» About this task
Leave out the pictures and repeat the data exactly.

» Data segment
- - - - - - -

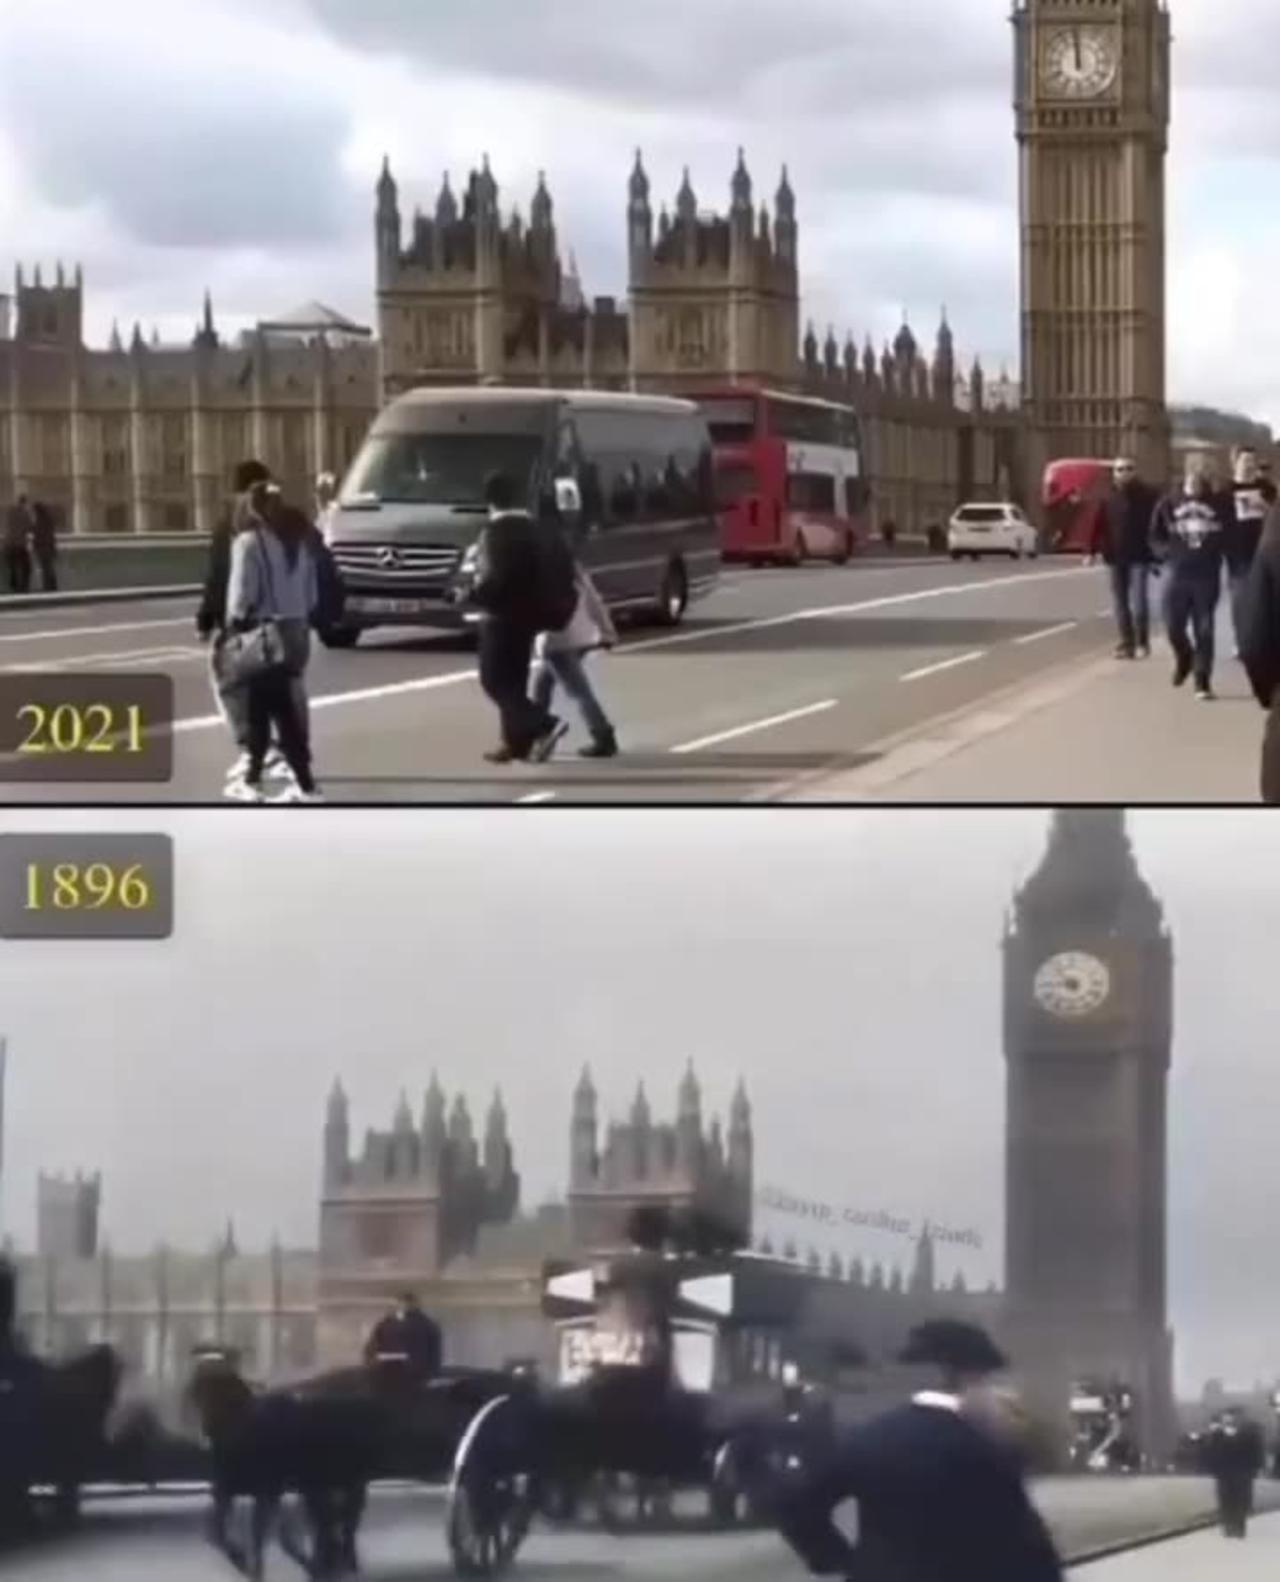 London Westminster bridge 125 years apart
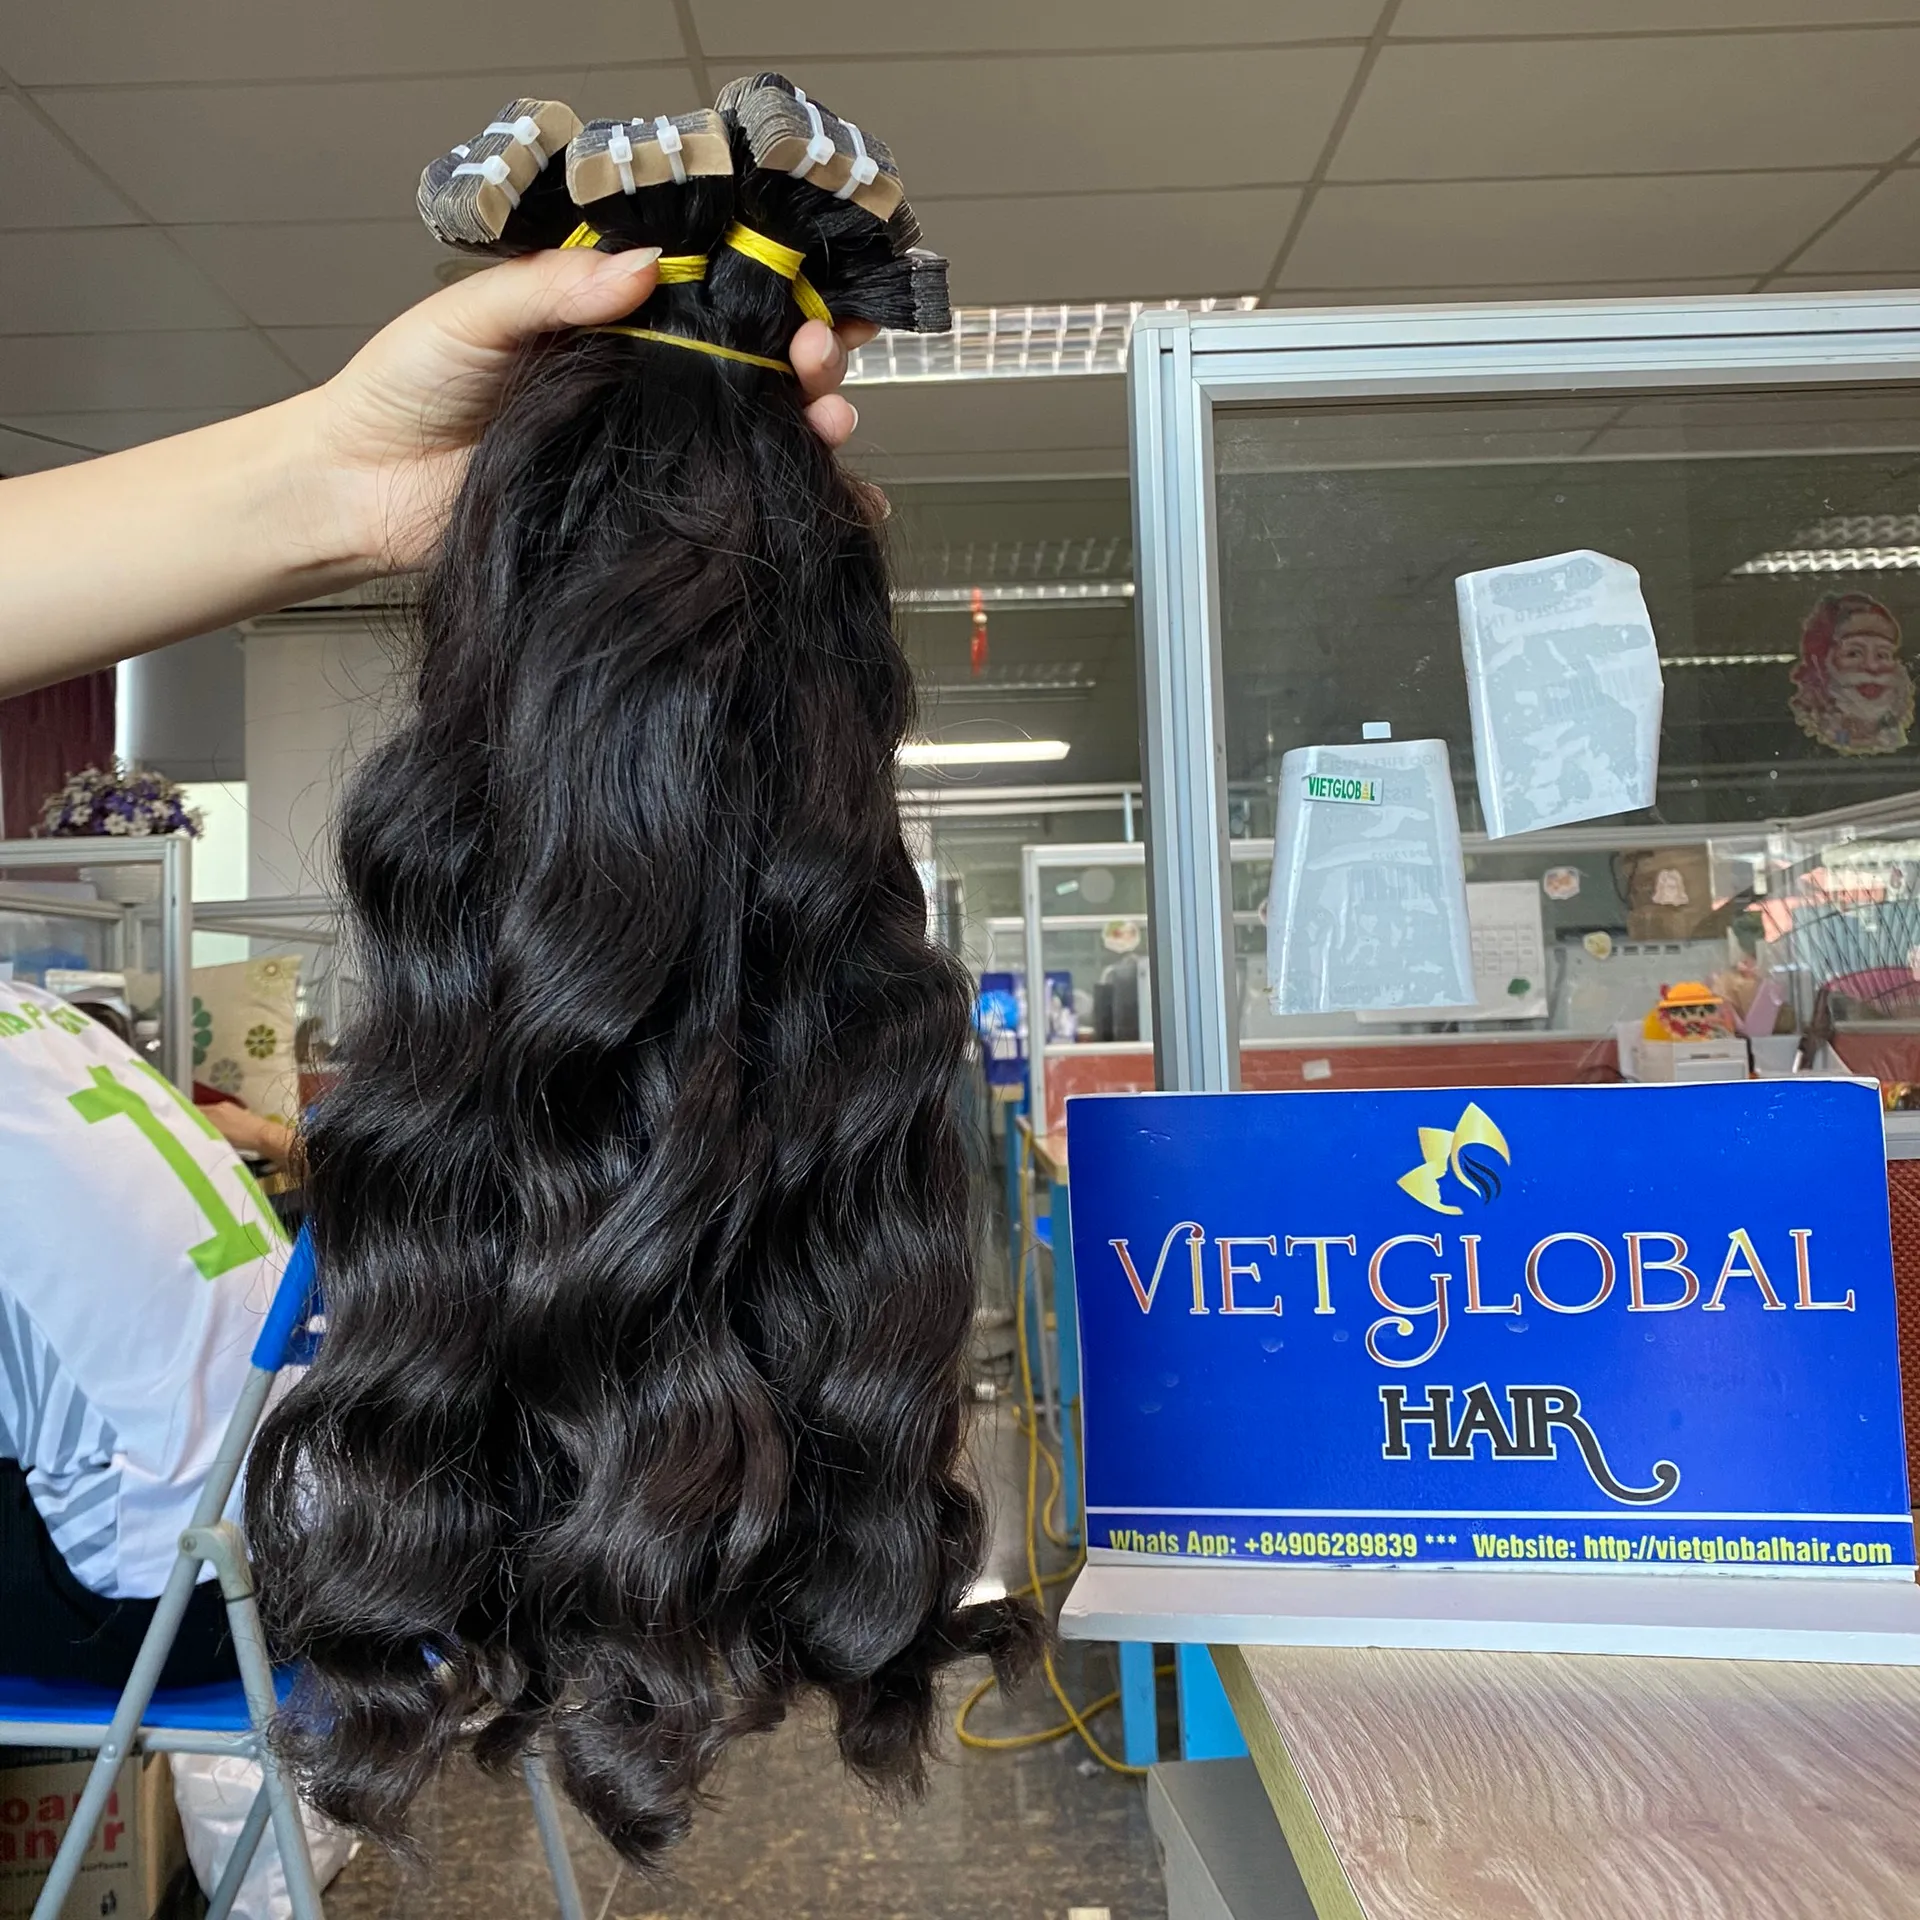 Solo donante 100% cabello humano vietnamita crudo Color natural cinta ondulada en extensiones de cabello para mujer negra
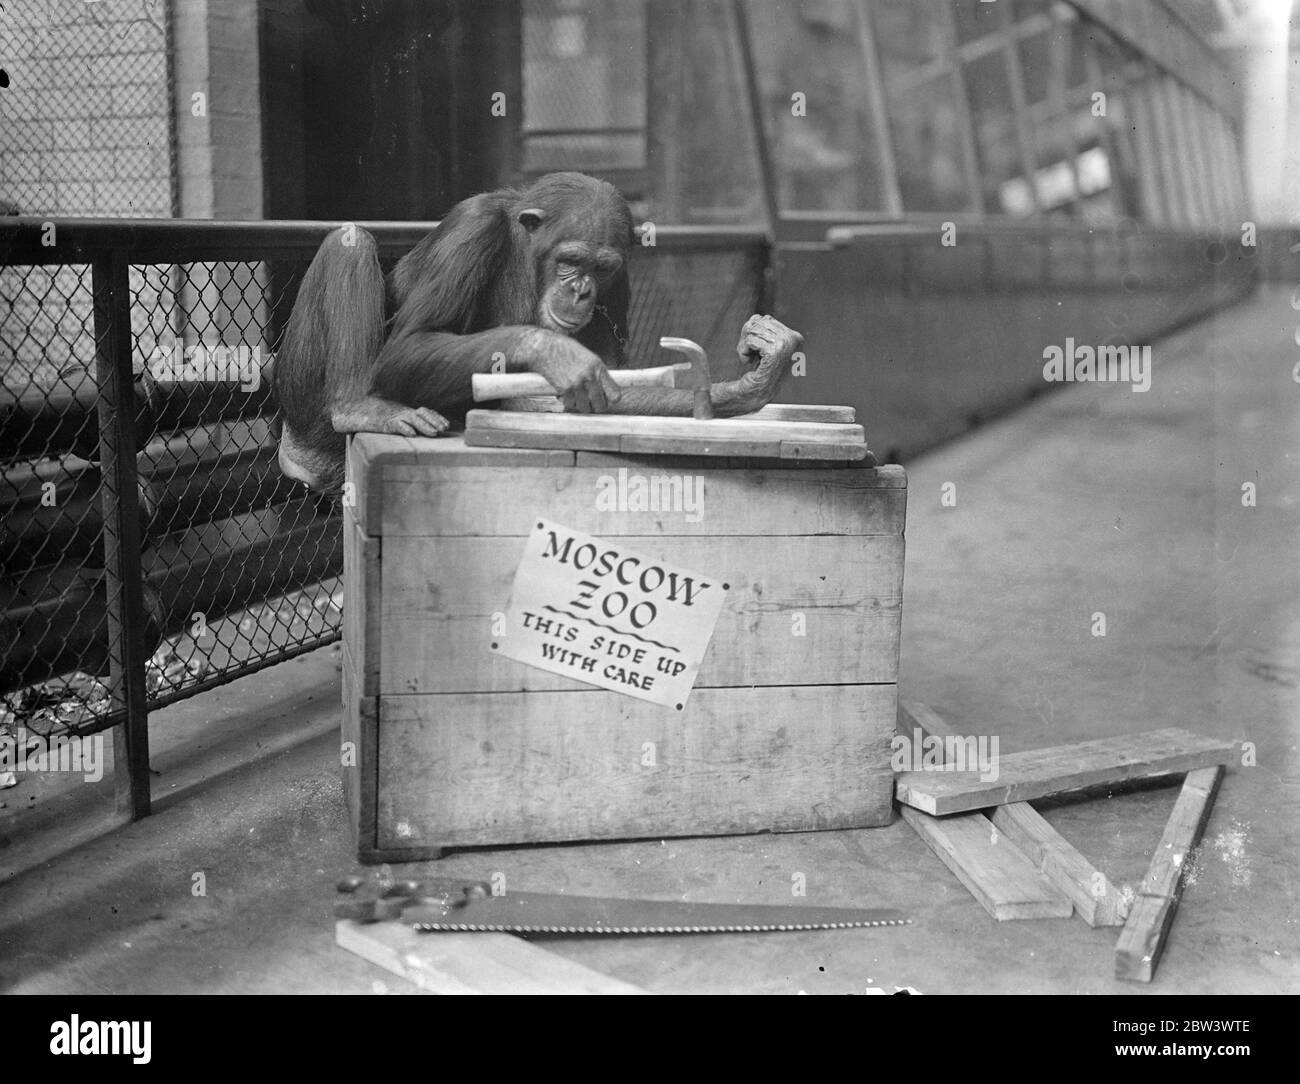 Mary Anne fait ses propres quartiers de voyage London Zoo Chimpanzee aller à Moscou . Mary Anne , le chimpanzé du zoo de Londres qui fait partie du consigment à envoyer au zoo de Moscou en échange des animaux requis par Londres , s'assure que ses quartiers de voyage seront confortables . Elle prend la main dans sa propre affaire de voyage ! Photos : Mary Anne au travail avec un marteau . 17 août 1936 Banque D'Images
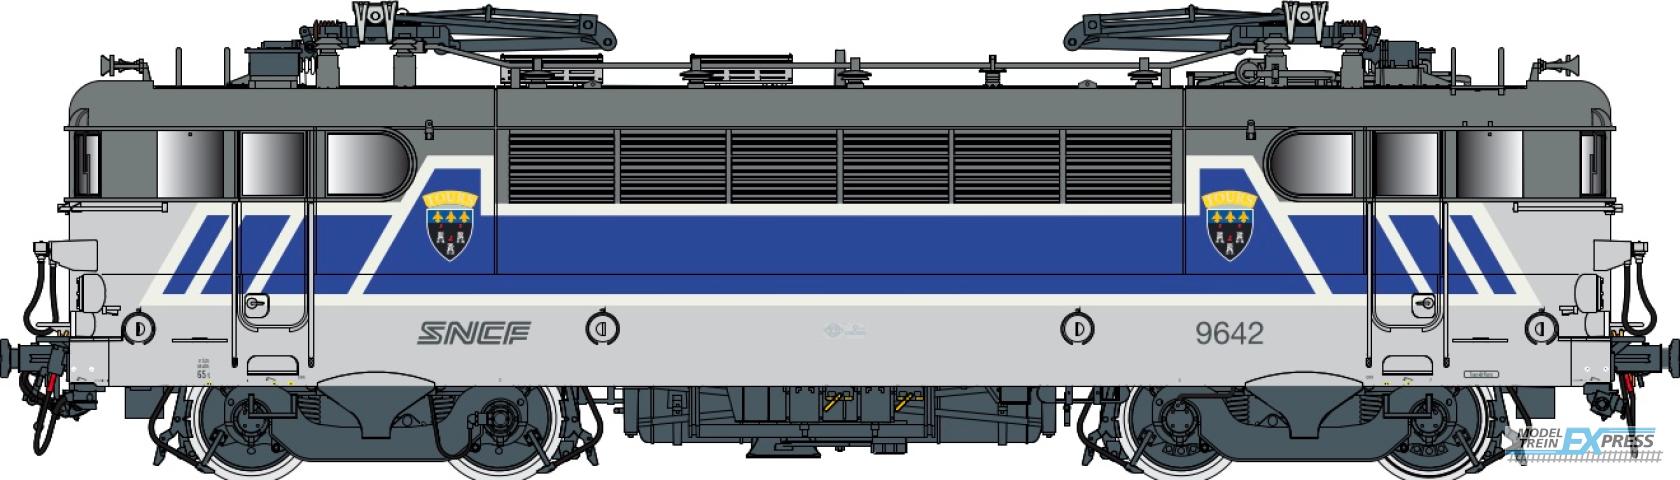 LS Models 10223 BB 9600, grijs/blauw/wit/oranje, Centre, noedels logo  /  Ep. V  /  SNCF  /  HO  /  DC  /  1 P.

- - - - - - -

» Solution
 London Westminster bridge 125 years apart
 Solo donante 100% cabello humano vietnamita crudo Color natural cinta ondulada en extensiones de cabello para mujer negra
 Mary Anne fait ses propres quartiers de voyage London Zoo Chimpanzee aller à Moscou . Mary Anne , le chimpanzé du zoo de Londres qui fait partie du consigment à envoyer au zoo de Moscou en échange des animaux requis par Londres , s'assure que ses quartiers de voyage seront confortables . Elle prend la main dans sa propre affaire de voyage ! Photos : Mary Anne au travail avec un marteau . 17 août 1936 Banque D'Images
 LS Models 10223 BB 9600, grijs/blauw/wit/oranje, Centre, noedels logo  /  Ep. V  /  SNCF  /  HO  /  DC  /  1 P.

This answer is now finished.